Edited by Peter Crowthers and Nick Gevers
Illustrated by Mark Geyer
ISBN-10: 1848630492
ISBN-13: 978-1848630499

PS Publishing, United Kingdom / Published 09/01/2010

Thursday, April 7, 2011

Drawings I did as a kid; my mother, etcetera..

                                                                        Age six:


                                                                      Age nine:




           I used to love to make up aerial views of farms and roads that vanished back into the mountains. I was very interested in perspective.  All of my trees were leafless--I was more interested in the structure of the tree or maybe it was because leafy trees are difficult to draw. I never had much use for color. Now I use prismacolor colored pencil over ink when color is required. I do not like to paint. In college classes I used to mix up way too much paint in trying to reach the color I wanted. I don't enjoy the clumsiness of the brush. I can paint, but it gives me a dumb feeling, as if I'm a child, making mud pies in the wet dirt.  
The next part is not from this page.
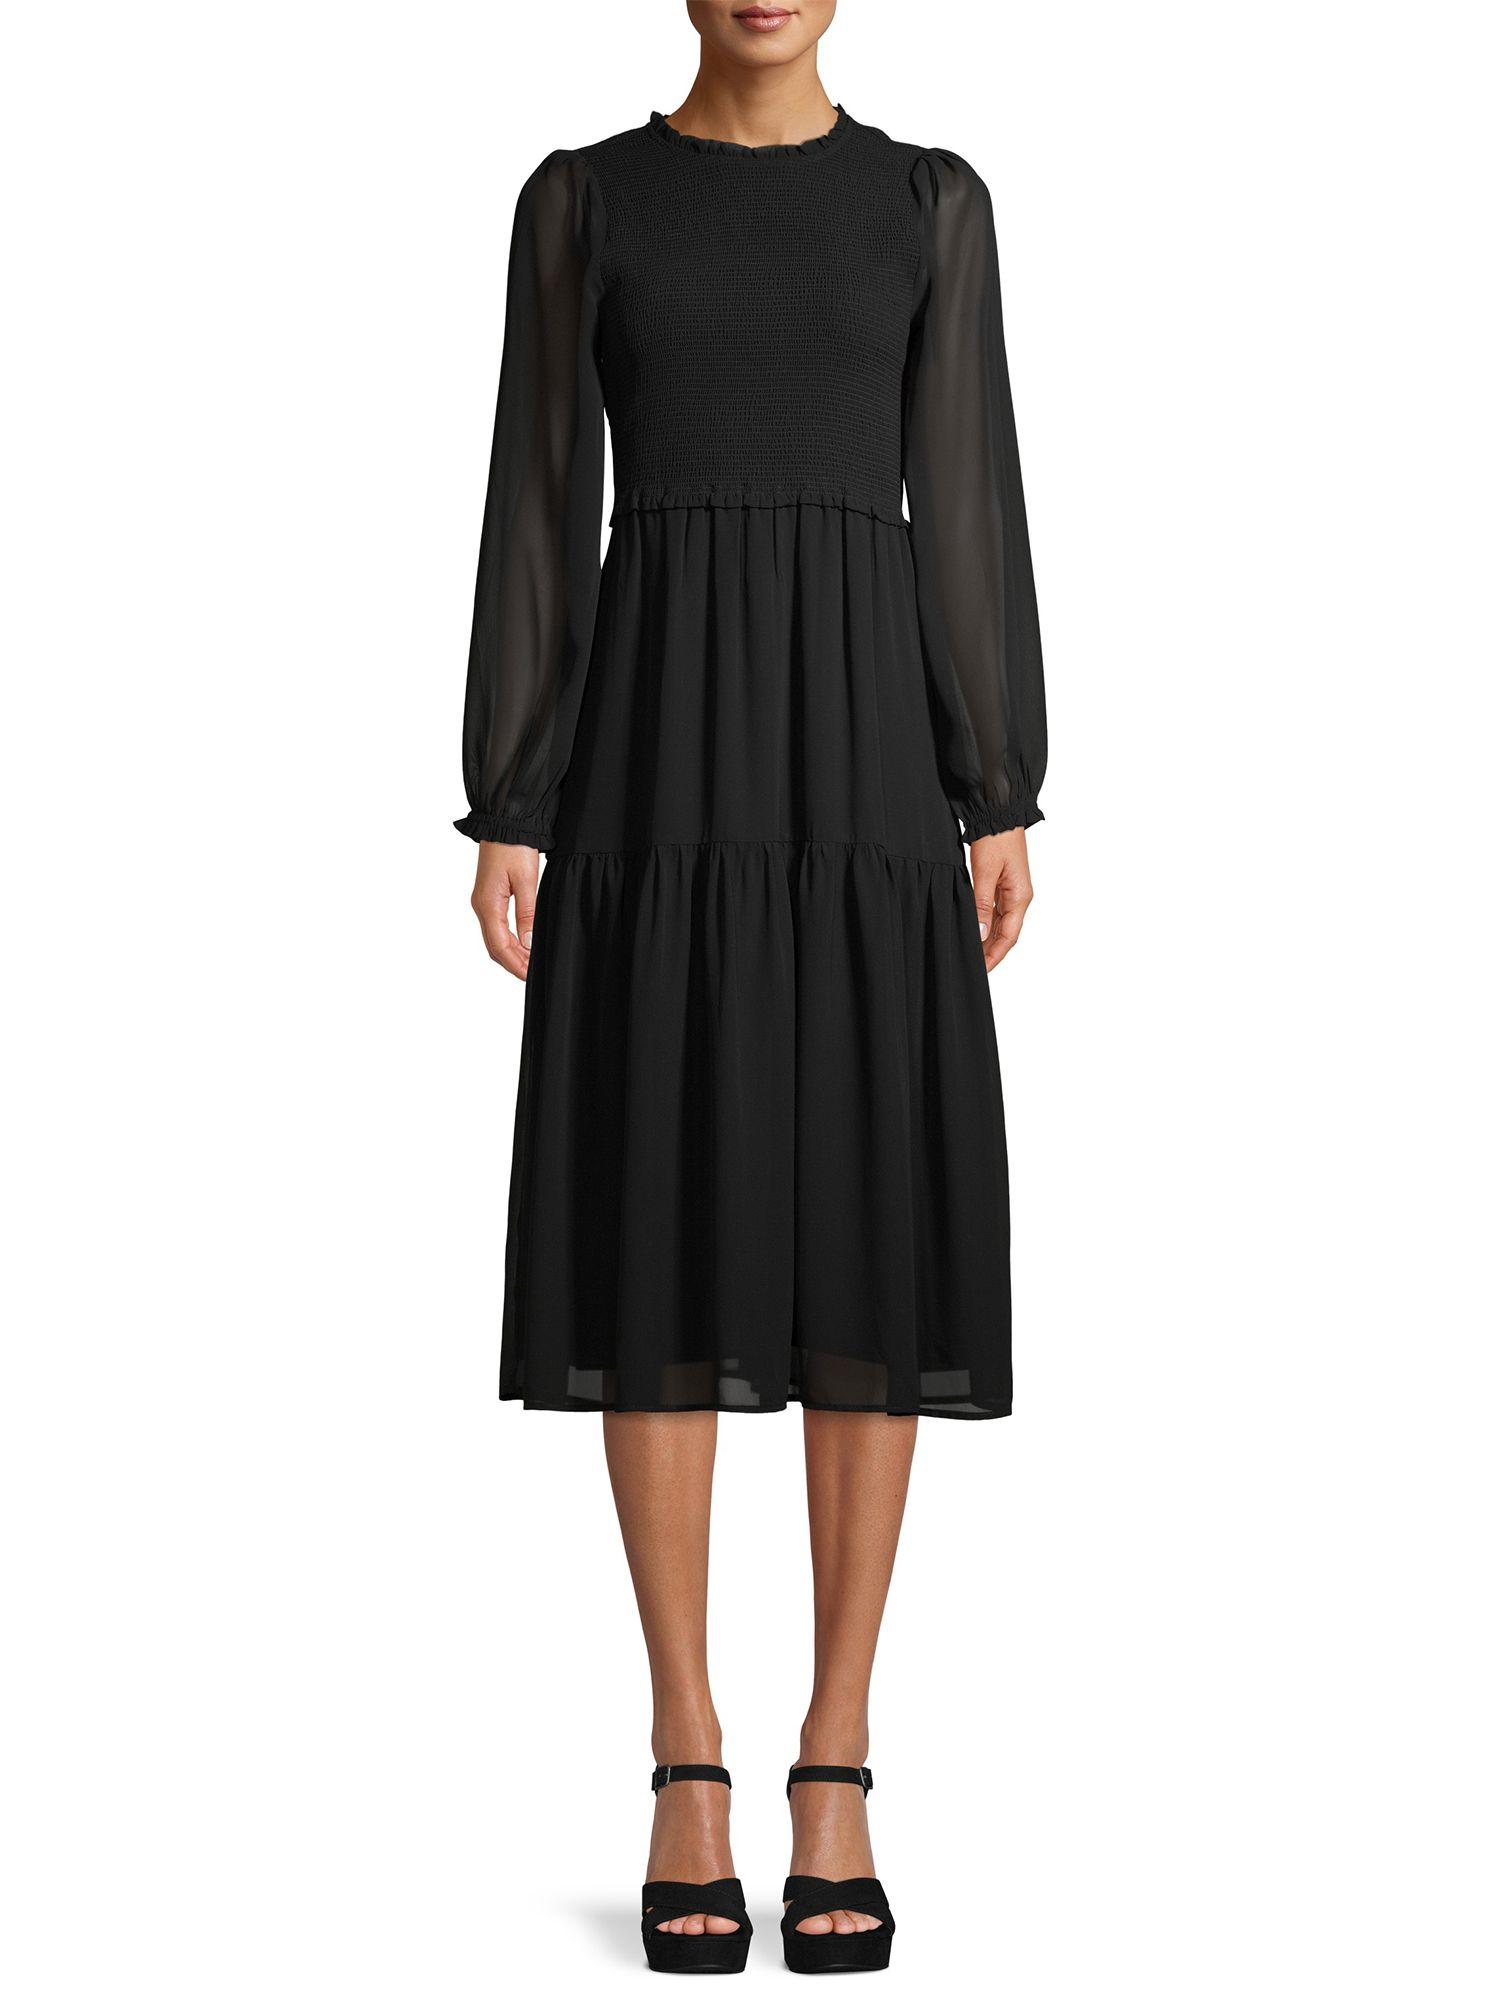 Time And Tru Time And Tru Women S Long Sleeve Smocked Tiered Dress Walmart Com Tiered Dress Tiered Midi Dress Dresses [ 2000 x 1500 Pixel ]

          My mother was a great influence on all of us. Whenever we'd bring home a project that we had to do for school, we'd clear everything off the kitchen table and get down to business. It was great to have her help on a map, a poster, a diagram, or a drawing. She always wanted us to take a very ambitious approach. She might as well have been saying to us: "Okay. Now. Let's see. How would daVinci approach this?" Italians might talk with their hands, but my mother talks with her entire body.
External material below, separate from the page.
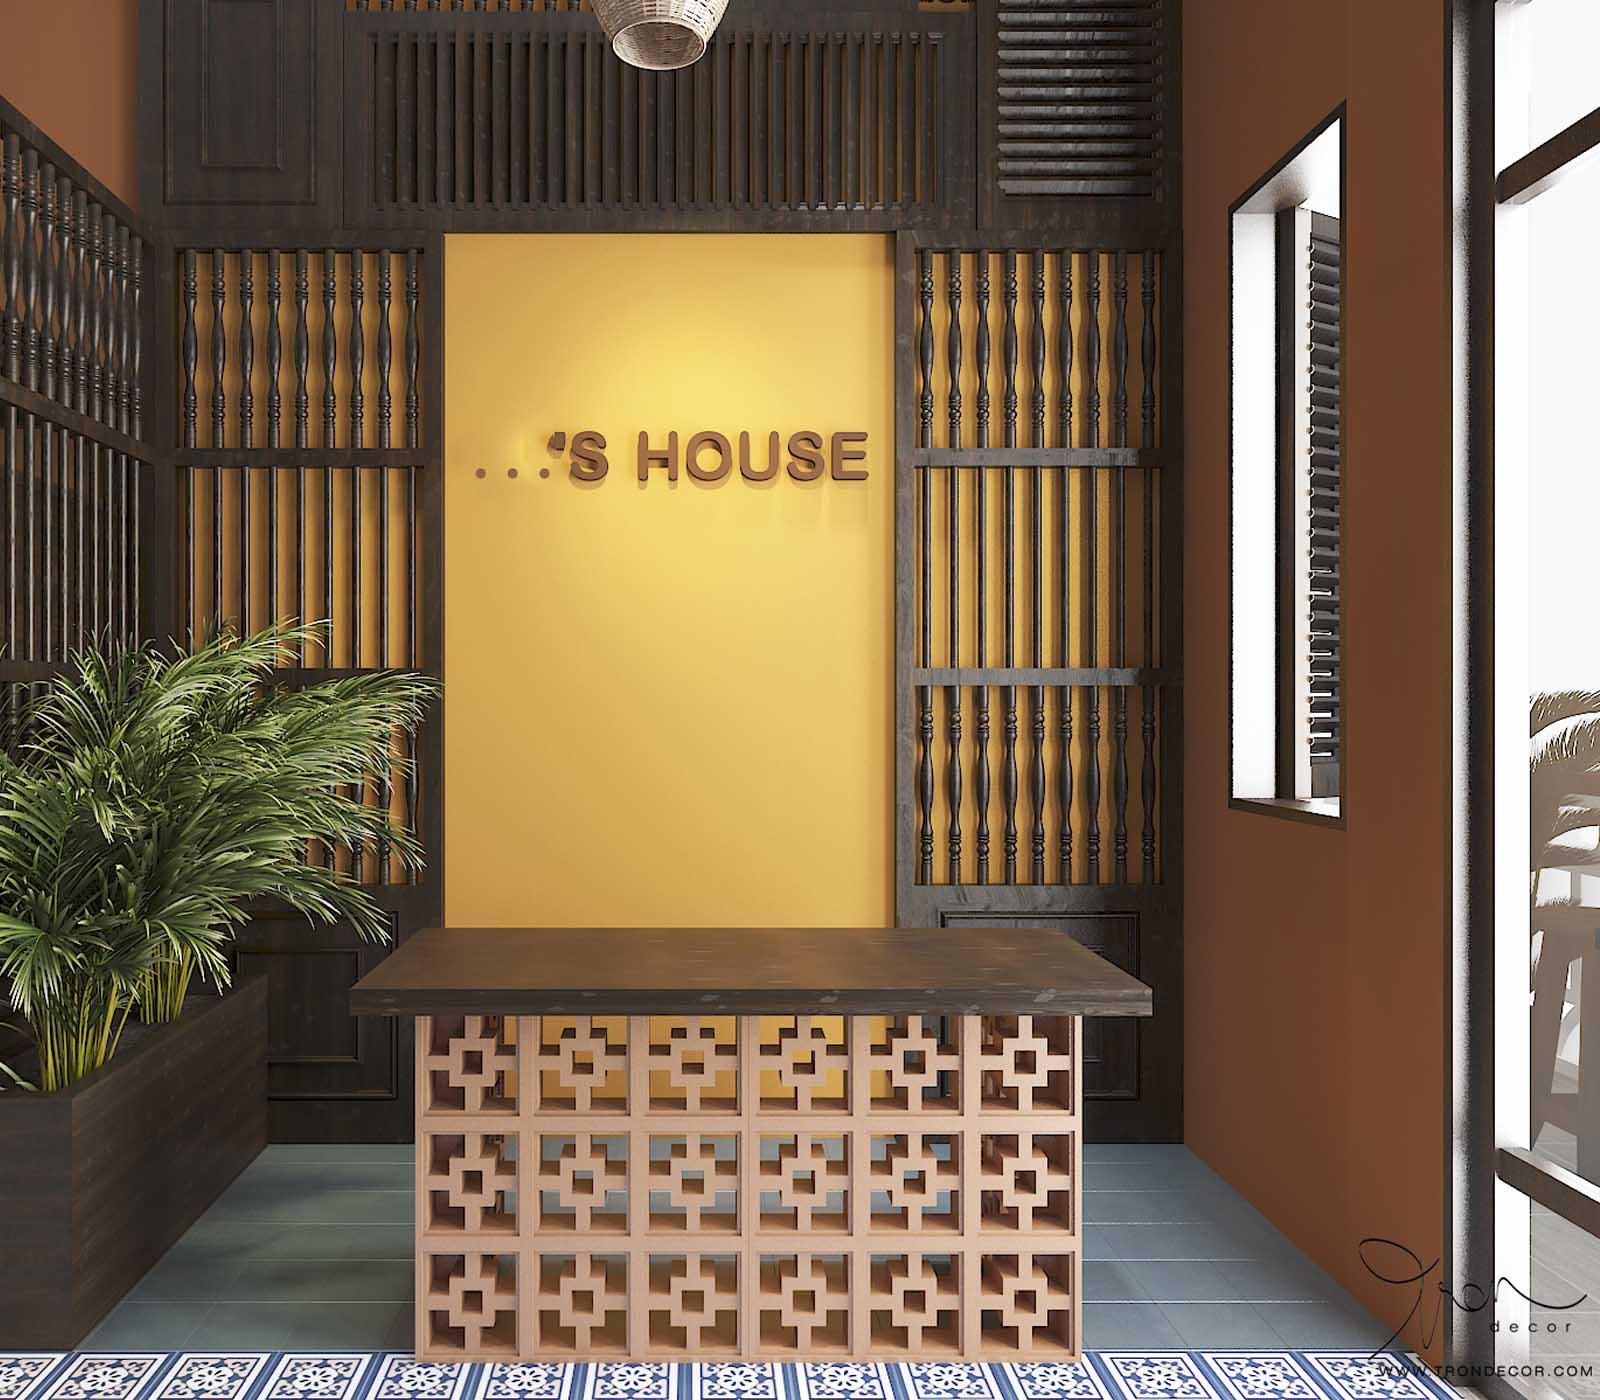 THIẾT KẾ HOMESTAY 120M2 - ...'S HOUSE

          Here's a drawing she did of me back then:

           My mother, Joan Lavigueur Geyer, is 81. We like to talk on the phone about art: what the other one is doing, etc. She's a botanical artist. We all went to D.C. last October to see her work on exhibit at the Smithsonian. The same work will be on exhibit at the Royal Botanical Gardens, Kew, U.K. this June thru October. She grew up in New York City, attended the Phoenix School of Design, held several studio jobs in Manhattan, painting designs on children's furniture, illustrating for ASTA Travel News and Nature's Path magazines, working for a French hat designer, etc. She has exhibited at MOMA. Here's a picture of my mother, Joan Lavigueur Geyer, my daughter, Anna, and my niece, Lily. Anna is an art student at Portland State University and has had one and two man shows of her work. And, Lily is just plain adorable.

           My mother's father, Roch Oliver Joseph Charles DeLage deLavigueur, born in 1885 in Montreal, was a landscape artist and architectural draftsman. He did the most beautiful pencil drawings I've ever seen--except for some of my mother's work. Roch's father designed wallpaper for a living.